TSMC is in the midst a hiring spree as the demand for chips soars.
“We are increasing the number of employees big time,” said TSMC spokesperson Nina Gao. In 2020, the company hired about 8,000 workers, or more than 10 percent of the total headcount of 60,000. In 2021, the company hired a similar number, she added.
Face time
Long meetings at TSMC are another frustration for the American engineer who posted on Glassdoor. “These meetings add up to three hours in a day easily,” said the new recruit. “That’s a lot of the work day. Some of the solution may be in software. Most of these meetings could be automated. The engineer who last worked with the equipment would record tool status and changes and make recommendations” to the next shift.
A senior TSMC engineer largely agreed. The principal engineer spoke with EE Timesanonymously because he is not authorized to speak on behalf of the company.
“I think some software may be modified so that it is more in line with the Americans’ habits. It’s too old,” he said.
“Our analysis software has been passed down since the establishment of the company [in 1987]. There may have been some slight improvements in the software along the way, but the interface remains almost the same.
“Everyone is happy with it” the engineer added. “It’s easy to use. You can get the information you want. There may be other software, but the results that you’ll get are the same, or almost the same. If you ask everyone to use new software or a different interface, there may be some difficulties.”
Changing perceptions
Long work hours have added to TSMC’s reputation as a company where fab workers sacrifice their health in return for attractive compensation packages. That, and the opportunity to participate in the development of the world’s most advanced chip technology.
Still, working conditions may not be as demanding as they were a decade ago.
“When I first joined the company, there were times when I worked long into the wee hours,” the principal engineer said. “In the past five years and even in the last ten years, due to the revision of Taiwan’s Labor Standards Act, everyone’s perception of work has changed. The company also supports a work-life balance. The culture is slowly changing, but it’s not like what you have in western nations like the United States.

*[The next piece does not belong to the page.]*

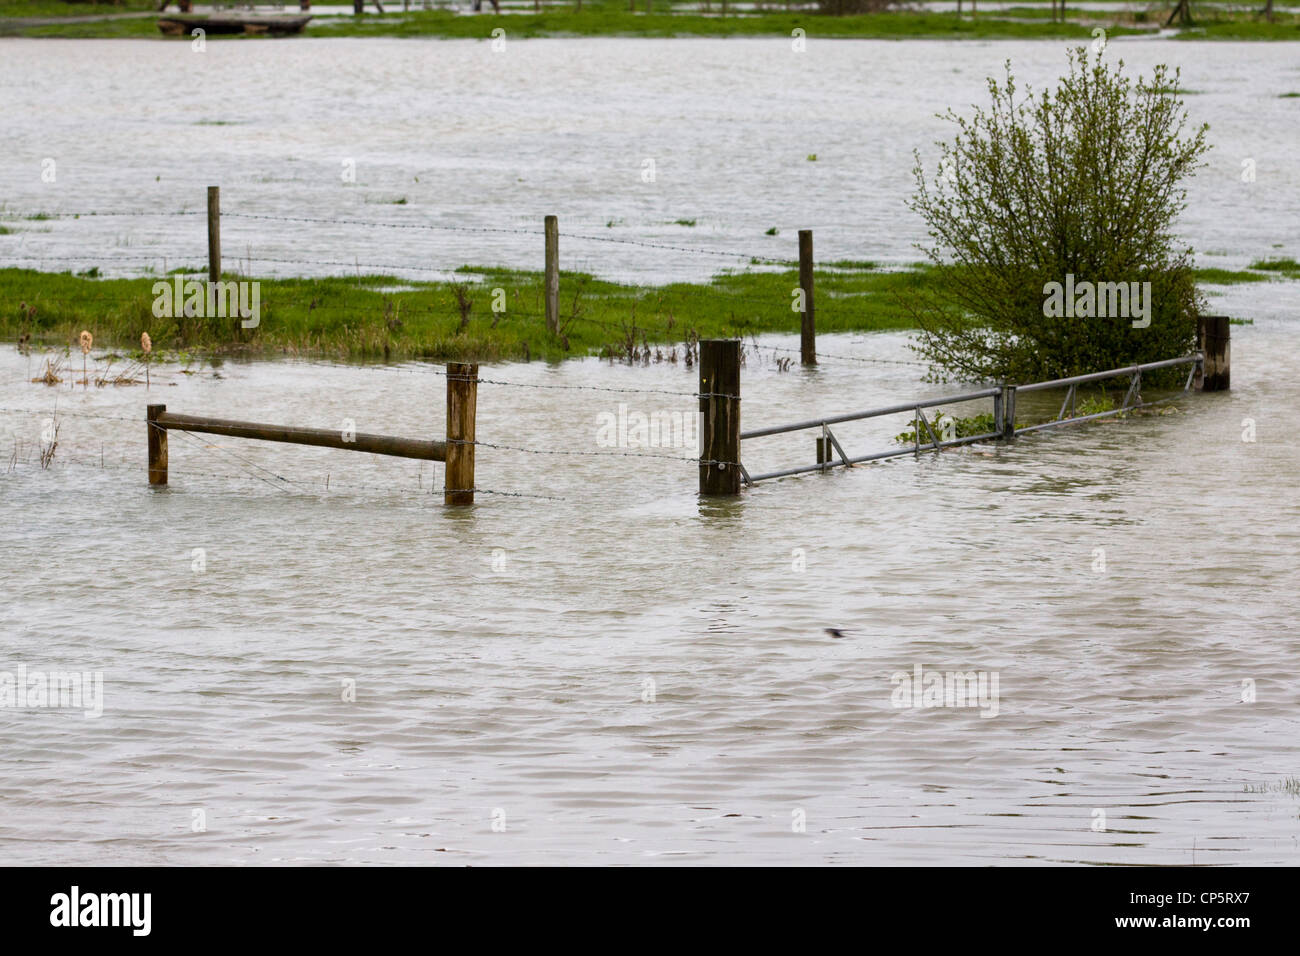 Les eaux de crue à Kings Sutton dans l'Oxfordshire / Northamptonshire Angleterre sur la rivière Cherwell Banque D'Images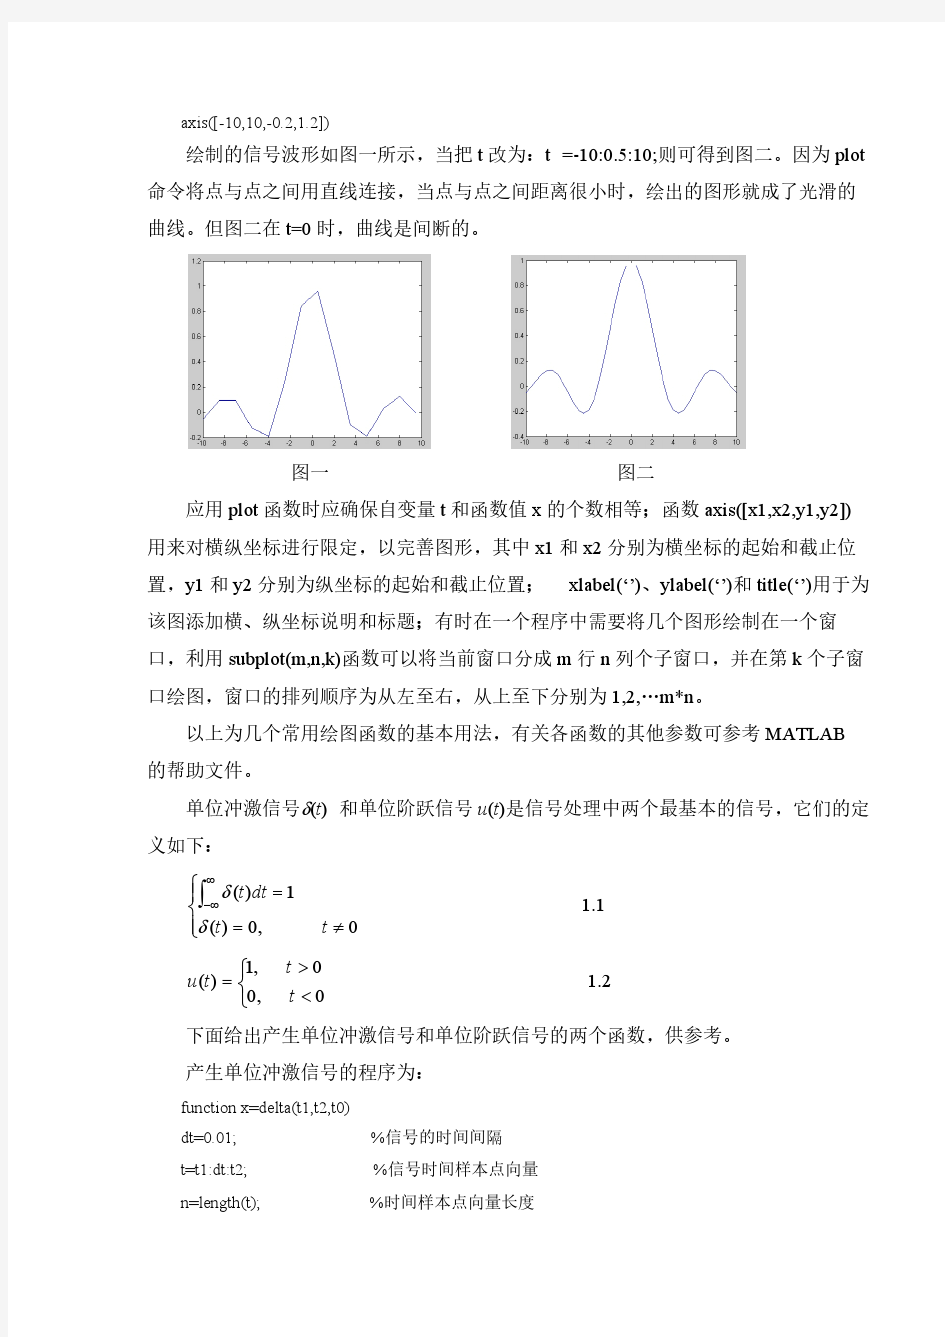 武汉工程大学信号分析与处理实验文档

“More or less, the culture needs to be changed, but the overall work environment and requirements have been established in Taiwan for a long time,” the U.S. engineer said. “So this will be transplanted to TSMC Arizona. Some small modifications should make it more acceptable, but the American engineers will need to adapt to the work environment and this kind of culture.”
“Changing the culture or work environment from what it’s like in Taiwan will be very difficult. After all, it’s possible that more than half of the people in Arizona may come from Taiwan,” he added.
First wave 
The U.S. government has worked closely with foundry leaders TSMC and Samsung to help revive U.S. semiconductor manufacturing. The current culture clash reflects the seismic shift in the locus of chip manufacturing pioneered in the U.S. Today, the roles are reversed:
Americans workers at TSMC’s Arizona fab may chafe at becoming the humble students of their mentors in Taiwan, who nearly 50 years ago transferred semiconductor technology from RCA of the U.S.
Only in the last few years has a consensus emerged for responding to
the American industry’s decline in the form of proposed legislation that would provide $52 billion in subsidies for domestic semiconductor production.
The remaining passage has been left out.